その原因の一端を自分が担っているので、あくまで呟くだけだが。
『いやなに、大したことではない。断食をしようかと思っているのだ』
『……は? なんて?』
『断食だ、断食。それくらい知っていよう』
『知ってるけどさ。何でまたいきなり断食なんだ?』
『色々と理由はあるのだが。とりあえずシロウ、御前のその馬鹿みたいな仕事量を減らすためだ』
『……何のことかな?』
『とぼけるな。我を欺けると思ったか』
『ばれてたのか。言い訳は結構完璧だと思ったんだけどな』
『完璧すぎたな。全く、我に賭け事をさせれば金の問題などすぐさま解決してやるというに……』
『それは絶対駄目だ。下手したらこの国征服しかねないからな』
『言うが、我も加減くらい知っているぞ。と、話が逸れてしまったな』
咳払いをするギルガメッシュ。そういえばつい先日、シロウに賭け事禁止と令呪を使われた、と愚痴を言っていたのを思い出す。

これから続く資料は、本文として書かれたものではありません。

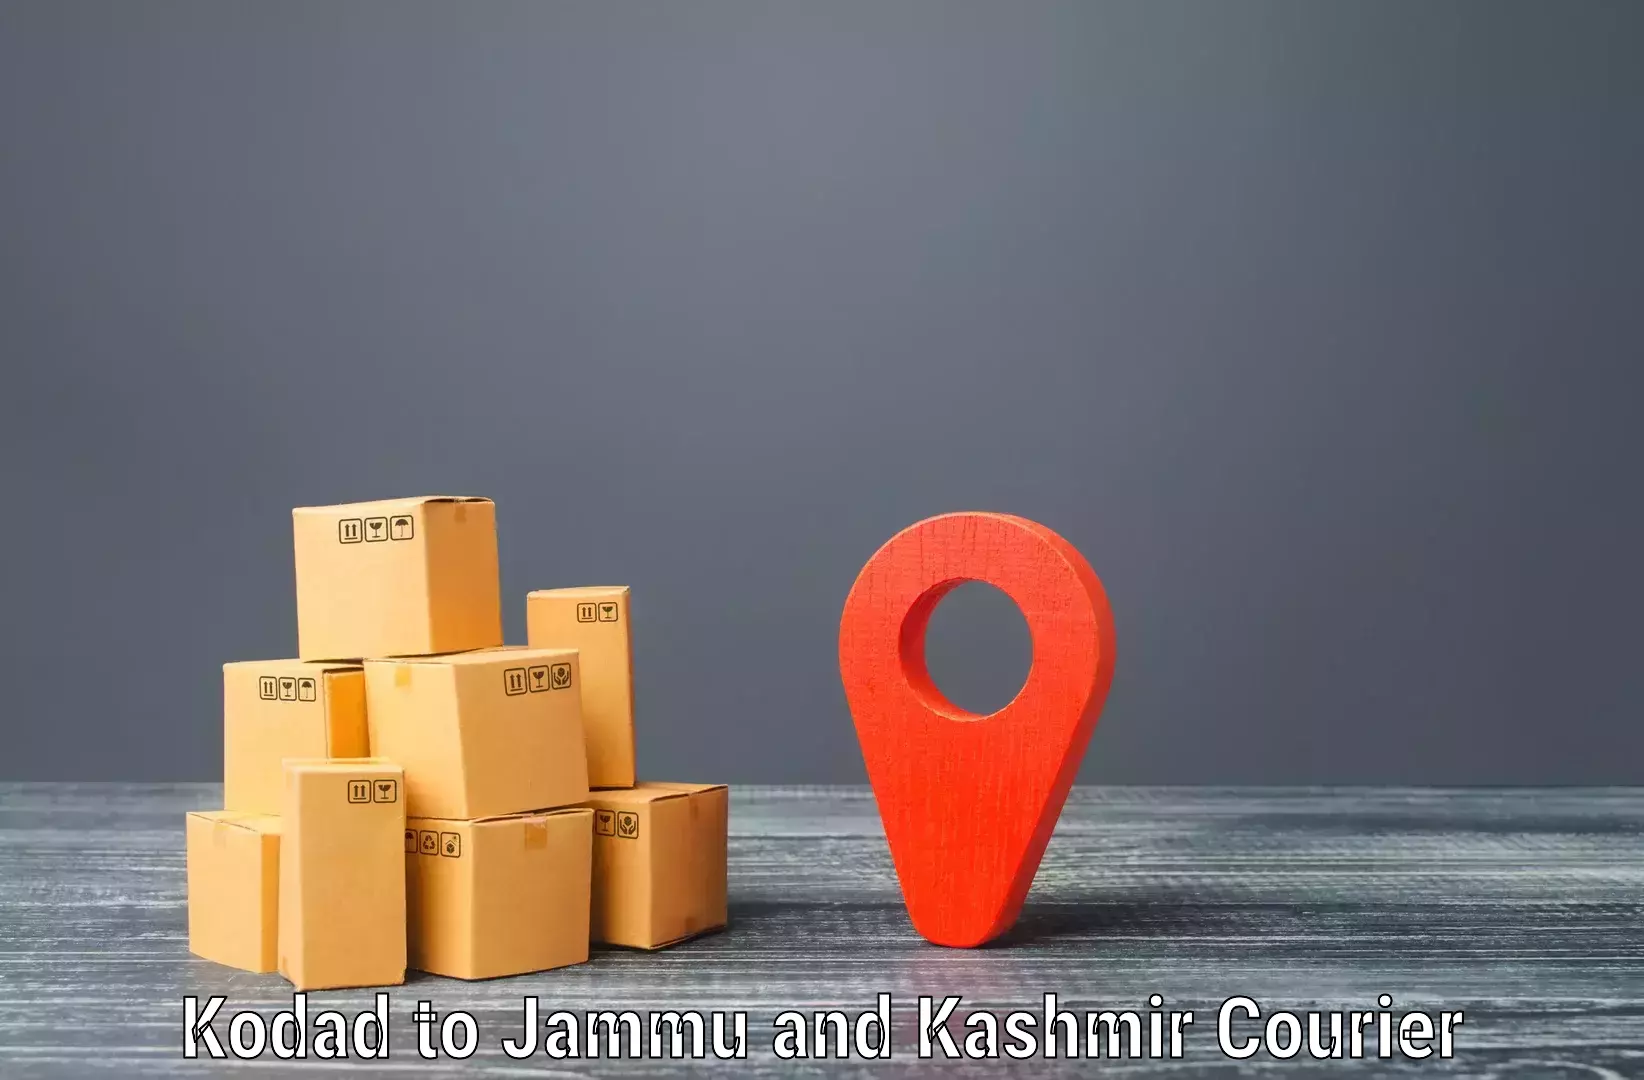 Overnight delivery services Kodad to Pulwama

『ともかく、断食だ。あらかた了解はとってある。イリヤとフジムラは外してあるがな』
『あれ、セイバーも参加するのか?』
自分の名前がシロウの口から出てきたことに、ビクンと反応する。
『当然であろう。むしろ、あいつを参加させなければ意味がない』
『それはそうかもしれないけどさ。でも……』
士郎が言葉を切った。一体何を言うつもりなのか。
セイバーは大きく深呼吸して、次の言葉を待った。
そして、士郎は言った。
『セイバーには無理じゃないか?』
……は?
『だって、セイバーだぞ? お前も知ってるあのセイバーだ。それが断食だなんて、そんな』
一体、シロウは何を言っているのですか?
『断食なんてしたら倒れるって、絶対。長続きもしないだろうし』
なんと言うか、その。
『ふむ……それは確かにいえるかも知れんな』
凄く、侮辱されている気がするんですが……!
とどめとばかりに士郎は言った。
『セイバーに断食は無理だ。そんな無茶をさせると、彼女がかわいそうだろ』
可哀想とまで言いますかこの朴念仁は…!
我慢できず、セイバーは扉を蹴破った。仁王立ちし、目を見開く二人を悠然と見下ろす。
二人を交互に睨みつけて、びしっと指を突きつけた。
「いいでしょう! この断食、受けて立ちます! 必ず今の発言を撤回させて見せますよ、シロウ!」
「…はぁ」
セイバーは声高々に宣言した。
次の日に入念な計画が練られた。そのさらに翌日から本当に断食が始まるのだが、当然何事もなくいくわけがなかった、と言うのはまた別のお話。
「ところでセイバー」
「何ですか」
「ひょっとして、俺が帰ってくるまでずっと隠れて待ってたのか?」
「……あ」
後先考えず行動してしまったセイバーが恥ずかしい思いをしたというのもまた別のお話。